The LLM Model: Compare how different LLM models, such as GPT 4o-mini or o1-mini, affect evaluation results. You can also explore performance across various providers (e.g., Anthropic's Bedrock models or Vertex AI Gemini) and adjust LLM parameters as needed.
A key best practice is to use a golden dataset to test your evaluator. This dataset should contain carefully selected examples with ground truth labels. By comparing your evaluator’s output against these labels, you can ensure that the evaluator is performing as expected, especially in nuanced scenarios.
When setting up an online task, you can use the "Test in Playground" button to evaluate your evaluator in real-time. Before entering the playground, you'll have the opportunity to preview the relevant span attributes and choose which spans from your project should be included for testing.
Once inside the playground, select "Run" to generate output based on the selected spans. When using our provided function, this output will include both an evaluation label (e.g., "factual" or "hallucinated") and an explanation to clarify the reasoning behind the label.

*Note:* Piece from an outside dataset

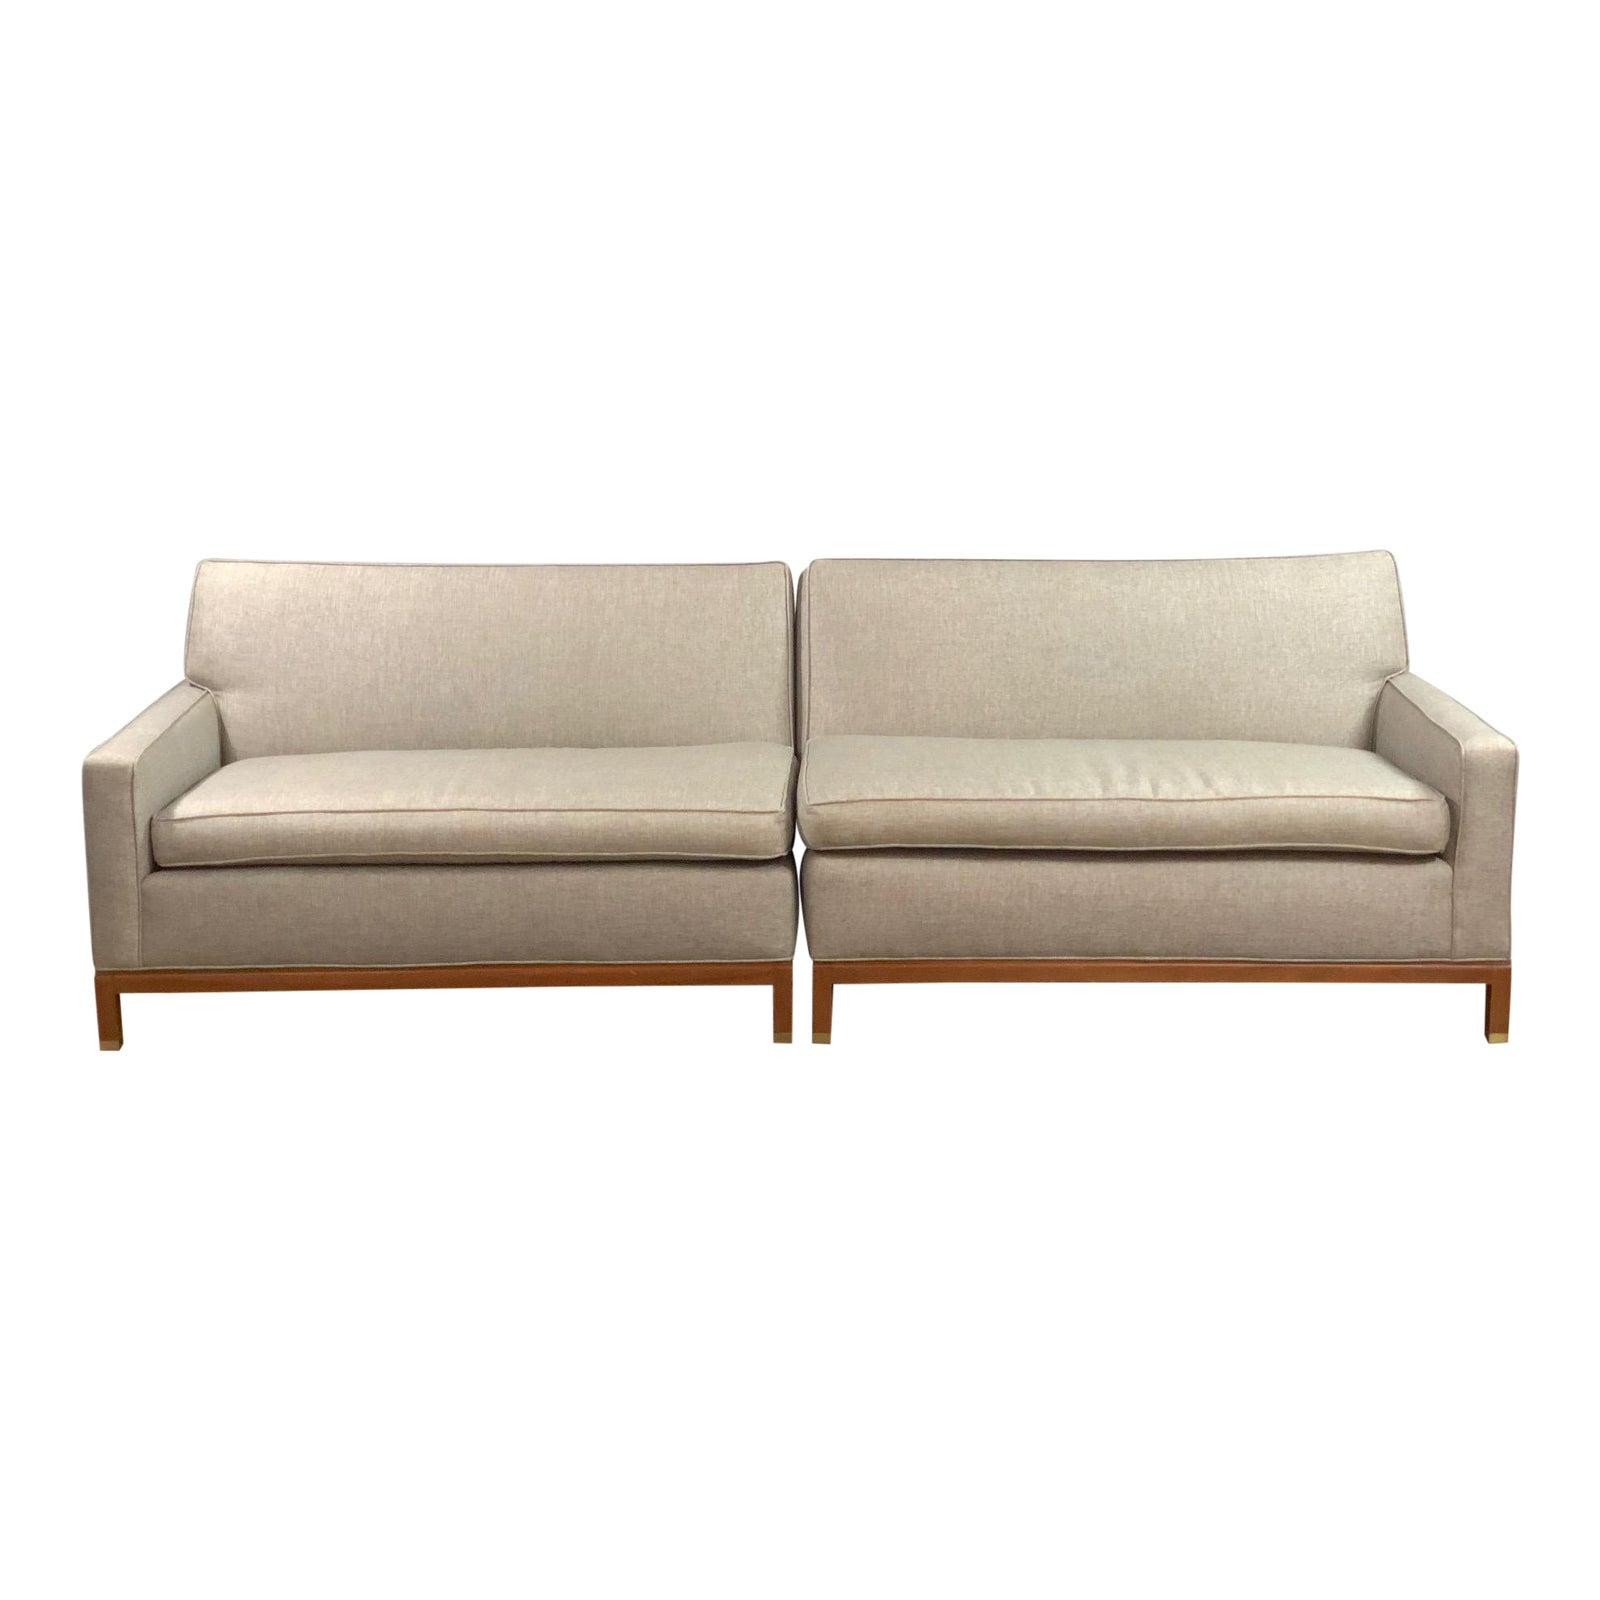 Mid Century Modern Milo Baughman Style Sectional Sofa- 2 Pieces ...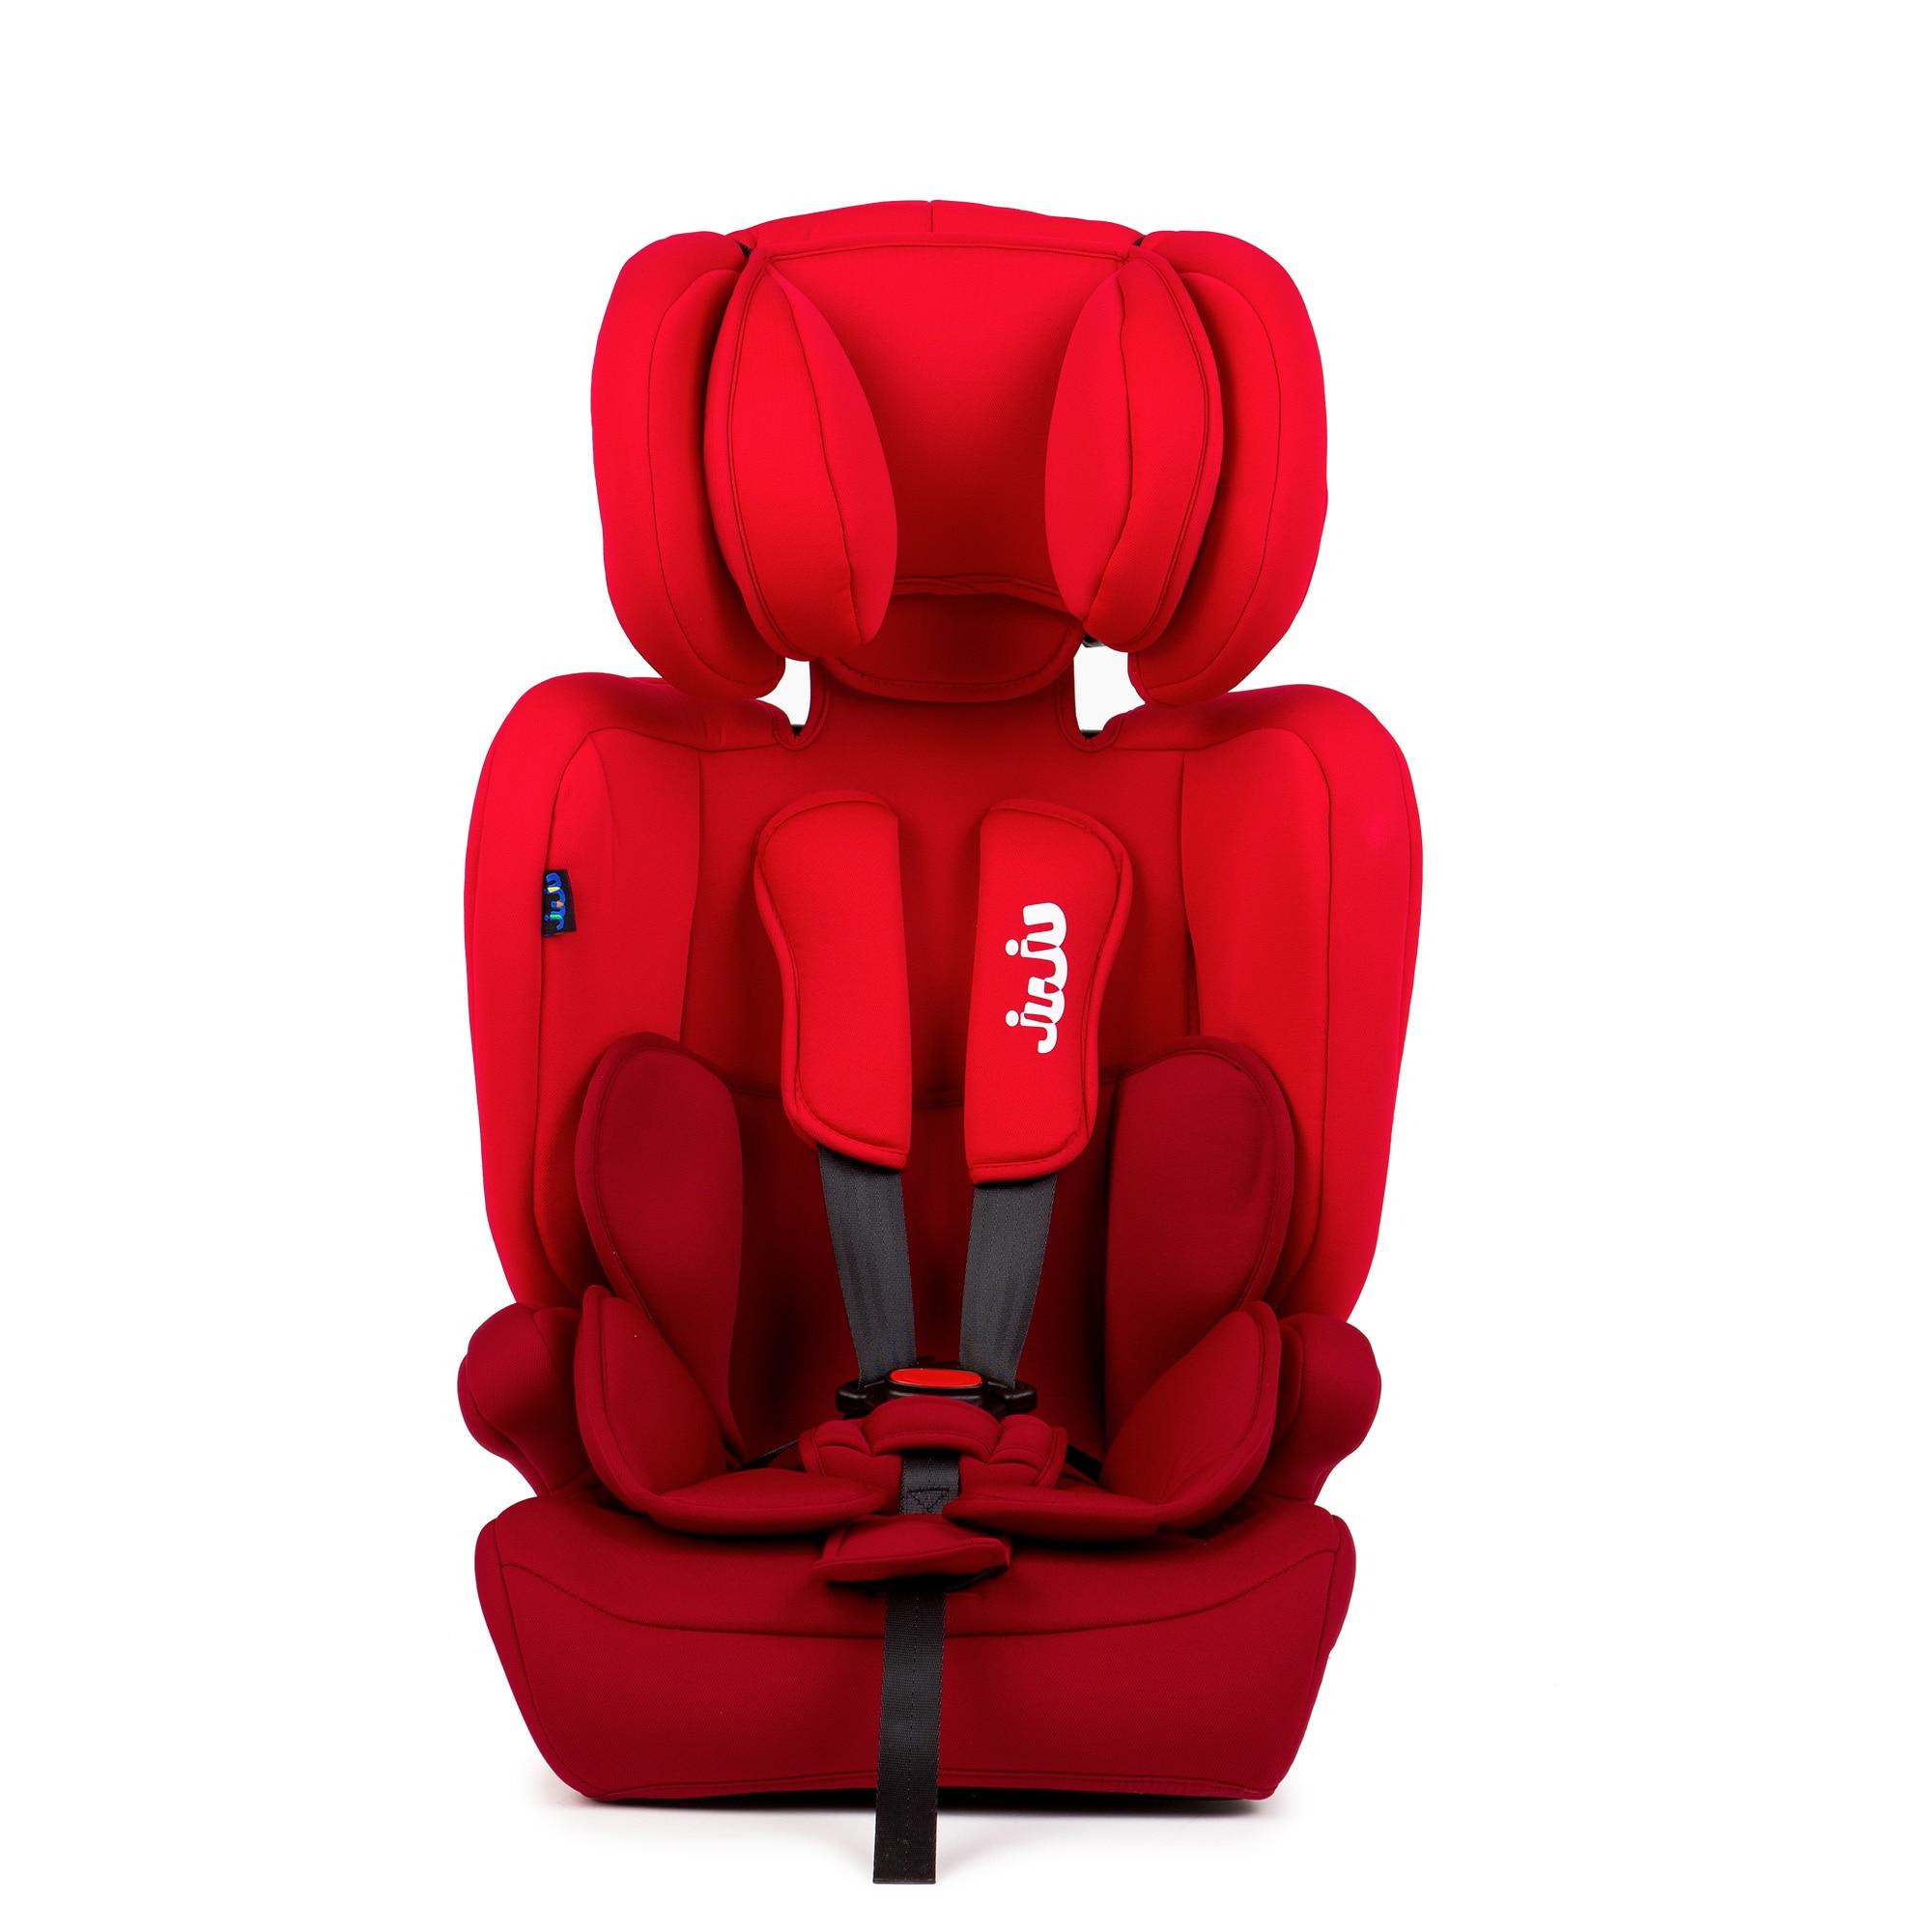 Fotografie Scaun auto Juju Safe Rider, 9-36 kg, Rosu/Bordo

If the evaluation label is incorrect, consider iterating on your template or adjusting the model to refine the results. You can repeat this process as many times as needed to fine-tune your evaluator.
Additionally, you can load a golden dataset consisting of carefully selected examples to test the evaluator's performance across a specific set of test cases, ensuring its accuracy and consistency.
After testing in the playground and making improvements—whether by adjusting the model, modifying LLM parameters, or fine-tuning the prompt template—return to the task creation page to apply these changes. This step ensures that the updates made during testing are reflected in your live task, allowing for more accurate evaluations in production.